I help Gram find her keys, and she finally snaps out of her daze.
“Thank you,” she says to Mr. Rodriguez. “I think we’ll be fine now.”
He opens his mouth to say something but shuts it when Gram frowns at him in that way she has. Even befuddled, she has a dignity that makes you trust her. He nods and heads back to the truck.
I help buckle Clay into his car seat. Gram looks down at the key in her hand for several seconds before she finally turns it in the ignition. A gust of hot air hits us in the face, and I quickly adjust the vent to face away from her.
“You okay, Gram?”
“I’m fine,” she says, but her voice shakes as she backs out of the parking space. I watch her carefully as she drives around the lot, searching for the nearest exit. She squints at the signs, rubbing her eyes as if her sight is the problem.

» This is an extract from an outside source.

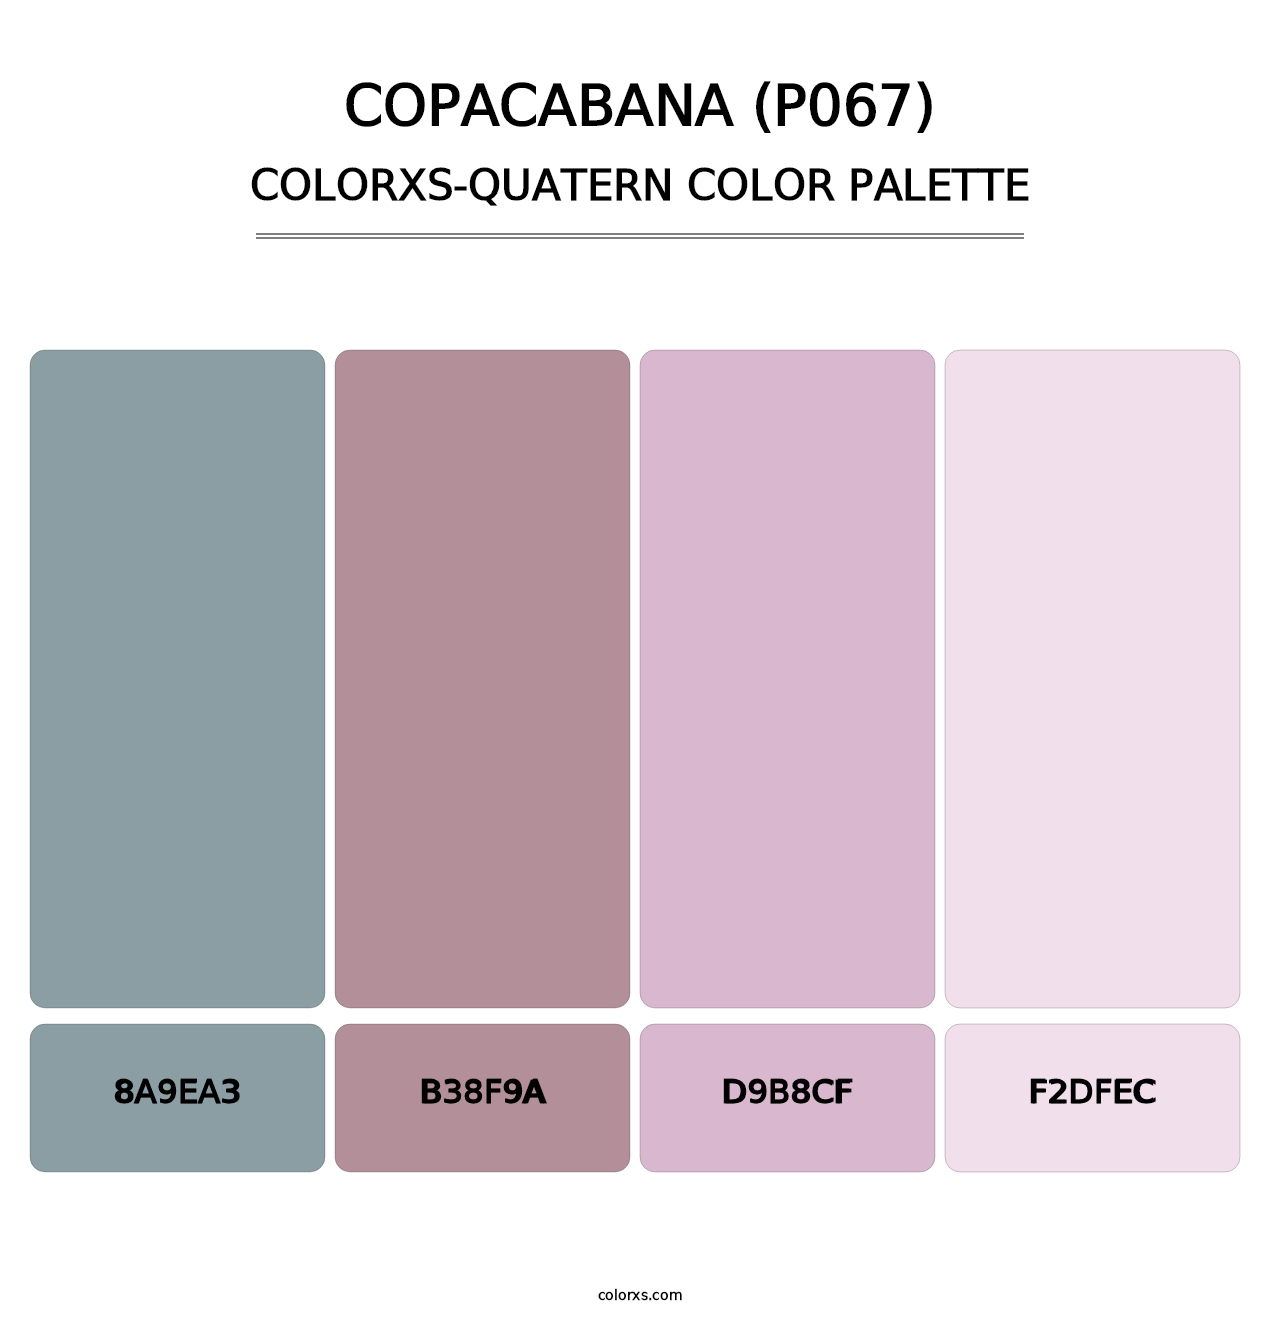 Copacabana (P067) - Colorxs Quatern Palette

“This one.” I point to where she should turn. She obeys with a small cluck of her tongue. It’s the sound we use on the horses to soothe them, to let them know they don’t need to worry.
Click. The day Gram moved in with us two years and six months ago. Click. What I wore that day, how she made me feel, what the weather was like. Click. The day Gram forgot Clay’s grilled cheese sandwich on the stove and the fire department had to come. Click. The way Gram looked at me with growing alarm for a whole minute last week, as if she didn’t know who I was. As if I were a stranger.